Words on the Word
Corpus Christi
Deuteronomy 8.2-3,14-16: He humbled you, he made you feel hunger.
1 Corinthians 10.6-7: The bread we break is a communion with the body of Christ.
John 6.51-58: He who eats my bread and drinks my blood lives in me and I live in him.
Catholic devotion to the Blessed Sacrament resounds with echoes of Israel’s exodus from Egypt. When we acclaim the consecrated Host as ‘Bread from heaven’ or ‘Bread of angels’ we cite a Psalm that celebrates the manna in the desert. When, in our churches, the Sacrament is kept in a ‘tabernacle’, it recalls the Tent of Meeting. When Holy Communion is brought to a person who is dying, we call it viaticum, meaning, ‘food for the journey’. Thereby we signify a basic truth: that this world, which feels like home, is in fact an exile. One day we must leave it, like the Israelites left Egypt, to go where we belong, to our Father’s house. It’s a solemn departure. The third Eucharistic Prayer calls the Church a ‘people pilgrimaging on the earth’. In so many ways, then, we are asked to see ourselves as travellers on an exodus journey. To sustain us, God provides manna now as he did then. In the light of these parallels, let us attend to the discourse put before us in our first reading. Here, at the end of the forty-year journey, the promised land in sight, Moses expounds the sense of both exodus and manna. In the logic of faith, through the oneness of divine revelation, we hear these words as addressed, not just to ancient Israel, but to us.
Any journey is defined by a starting point and a destination. That is not to say that the journey lacks intrinsic value. It may be that only travel will make us fit to arrive; that the journey brings crucial experiences and insights without which we wouldn’t cope on arrival. That is the case with the exodus. As Israel is about to cross over to the promised land, Moses tells them: ‘the Lord your God has led you these forty years in the wilderness that he might humble you, testing you to know what was in your heart, whether you would keep his commandments, or not.’ It was no accident that the journey from Egypt lasted as long as it did. Israel had lessons to learn. The Lord set about to both ‘humble’ and ‘test’ them: to make them face the truth about themselves while, at the same time, proving their mettle. So often, when what we considered a thoroughfare turns out to be a cul-de-sac, we raise our arms to heaven and cry out, ‘Why, Lord, why?’ We’re indignant and hurt, proceeding, as we are, from the assumption that our journey ought to be uncomplicated, that the Lord, like some tour guide, should make the path straight before us. But the Lord may not see things like that at all. He may not be in a rush to convey us from A to B. His intention may be, now as then, to see what’s in our hearts, to ascertain: when faced with a degree of hardship, will we be faithful, or not? It matters to bear this perspective in mind and, when the going gets tough, at least to ask, ’Lord, what would you teach me in this desert place, what truth would you have me see?’

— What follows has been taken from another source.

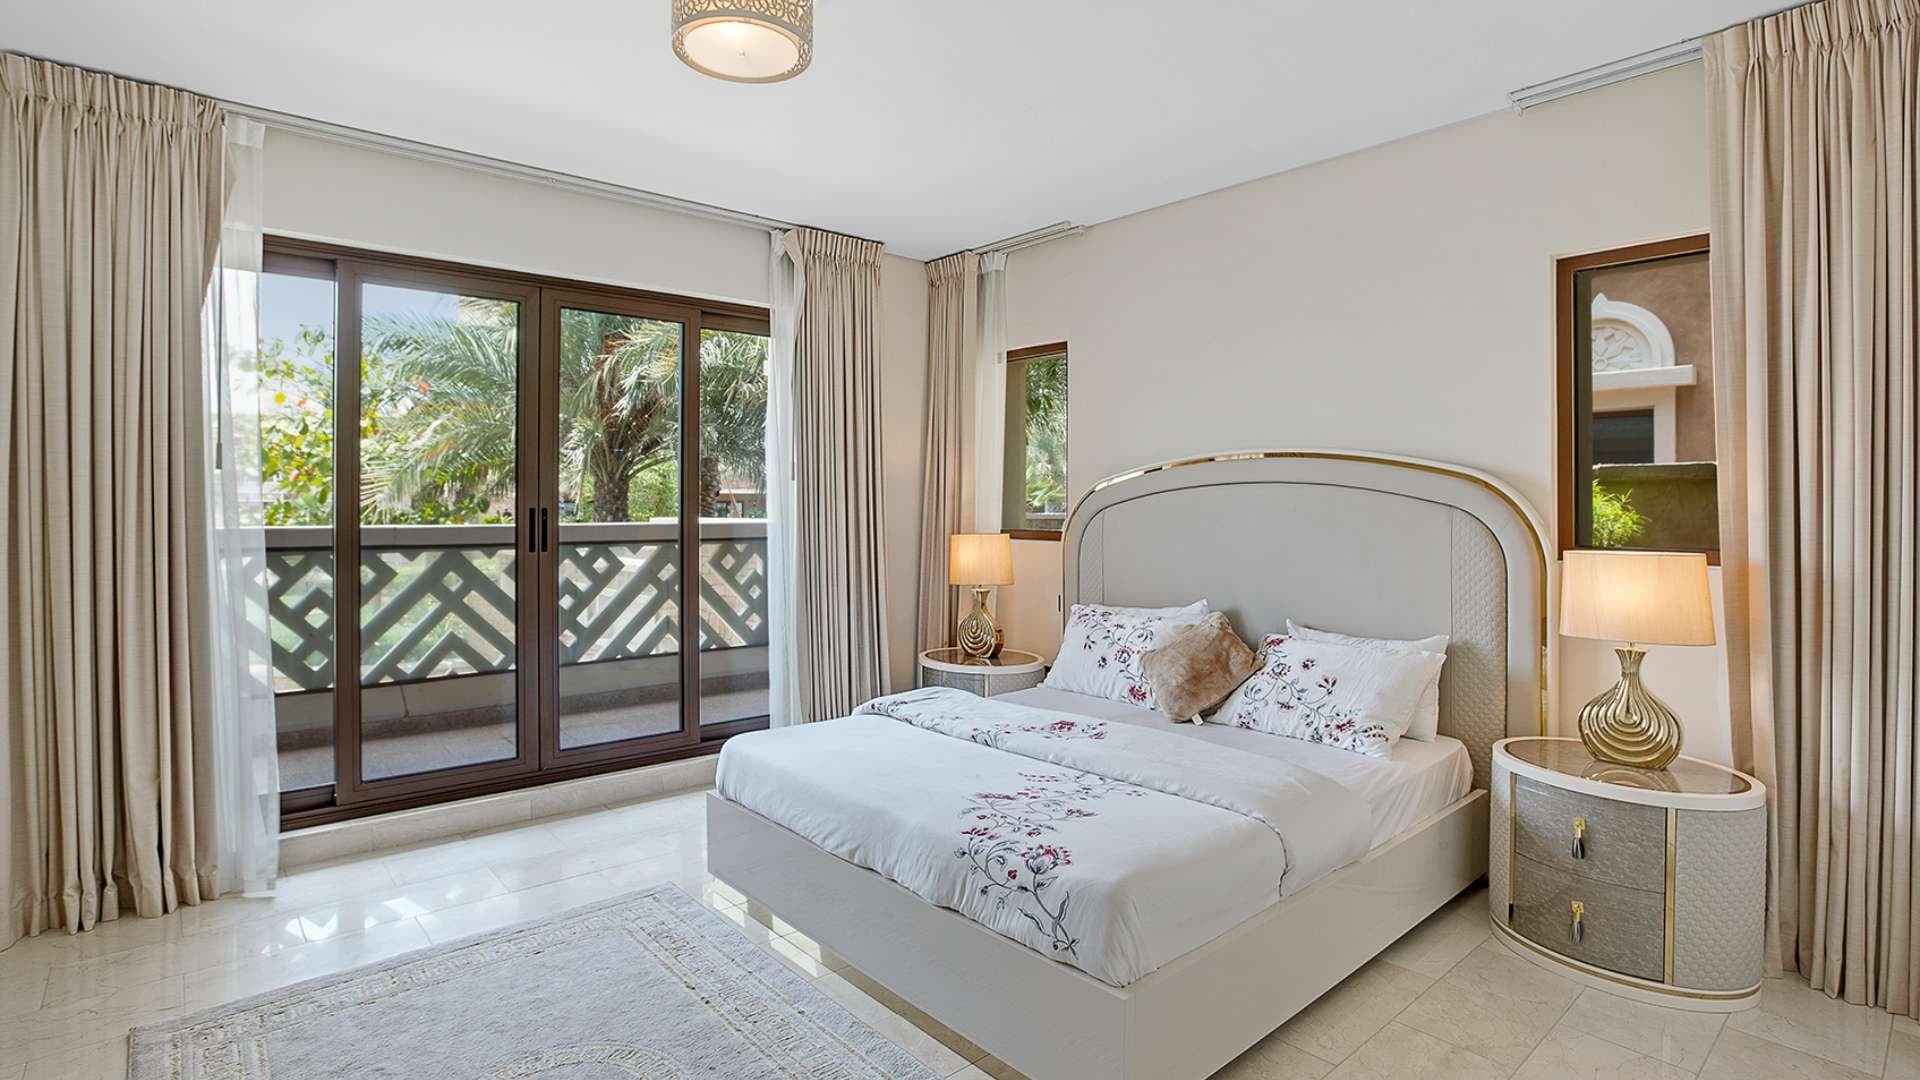 5 Bedroom Villa For Sale Kingdom Of Sheba Lp36453 10f6bfea69e4d700.jpg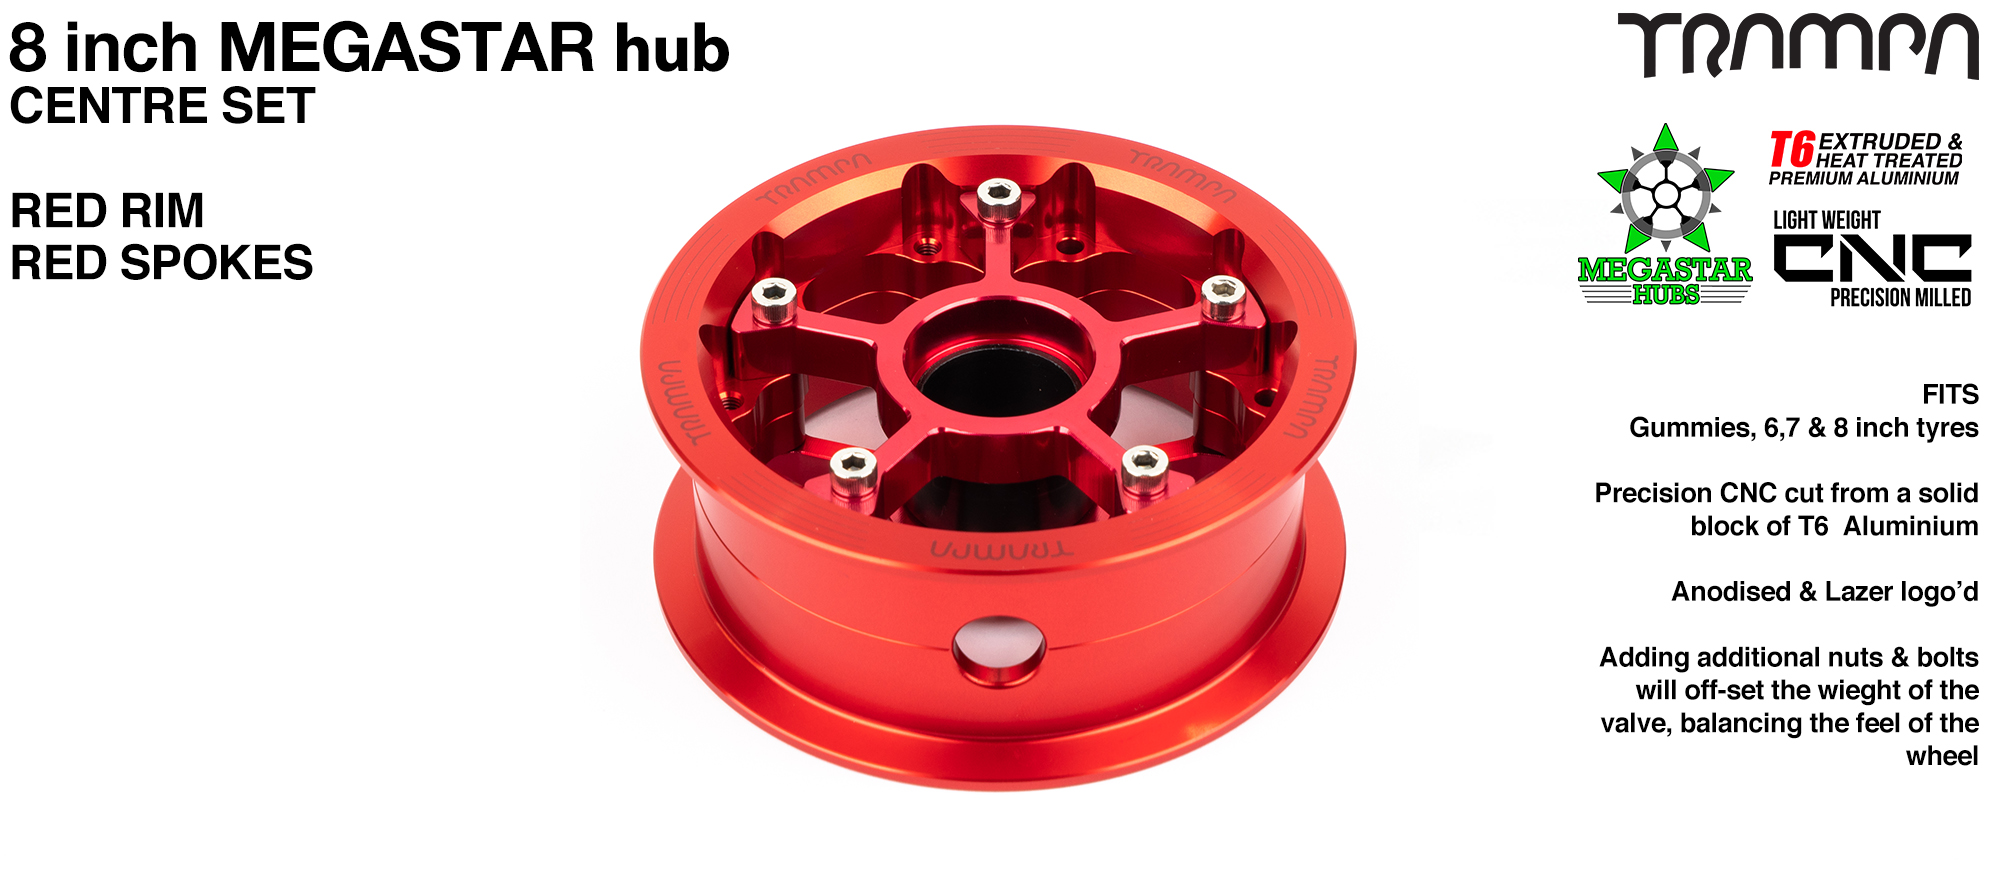 CENTRE-SET MEGASTAR 8 Hub 3.75 x 2 Inch - RED Rim with RED Spokes

This is the austere message put before us on this feast. It’s accompanied, though, by a message of consolation. God does not abandon us pilgrims as we make our way forward laboriously. True, he does not provide creature comforts, but he does walk with us—and makes sure we don’t starve. If he makes us feel hunger, it is so that we will know what true nourishment is like. ‘The Lord fed you’, Moses says, ‘with manna, that he might make you know that man does not live by bread alone.’ The sustenance given by God is both bread and more than bread. It surpasses any other food by nurturing, not only our bodies, but our souls, gifting us with confidence, peace and a strange, quiet joy even when our itinerary, like that of the Israelites, takes us through a ‘great and terrible wilderness, with fiery serpents and scorpions’.
If only we learn to walk in the power of him who is our Saviour and Father, we shall find that the flintiest rock, even that of our hearts, will gush forth with streams of living water, while the manna, which our fathers did not know, instils the hope and courage we need. On Corpus Christi we celebrate the abiding presence of this gracious provision. The offering up of Christ’s flesh for the life of the world is no mere memorial for us; it is present reality. May we never take it for granted! May we hunger for it, and may our hunger spur us on to keep walking. For the Eucharist, too, let’s remember, is food for pilgrims. It is not a snack for sedentary holiday makers; it is manna for those who’ve a distance to cover each day, who strain forward to be worthy, at last, to enter the Father’s house, and to feel at home there, taught by the journey through exile what homecoming means. The Eucharist gives both a pledge and a challenge. One of today’s liturgical texts puts it thus: ‘The bread of life will incorporate us into itself if we are transformed into his likeness through a pure mind, firm faith, and perfect charity.’ That if is our roadmap. In the strength of the bread from heaven, we continue on our journey of transformation with zest, great love, and gratitude.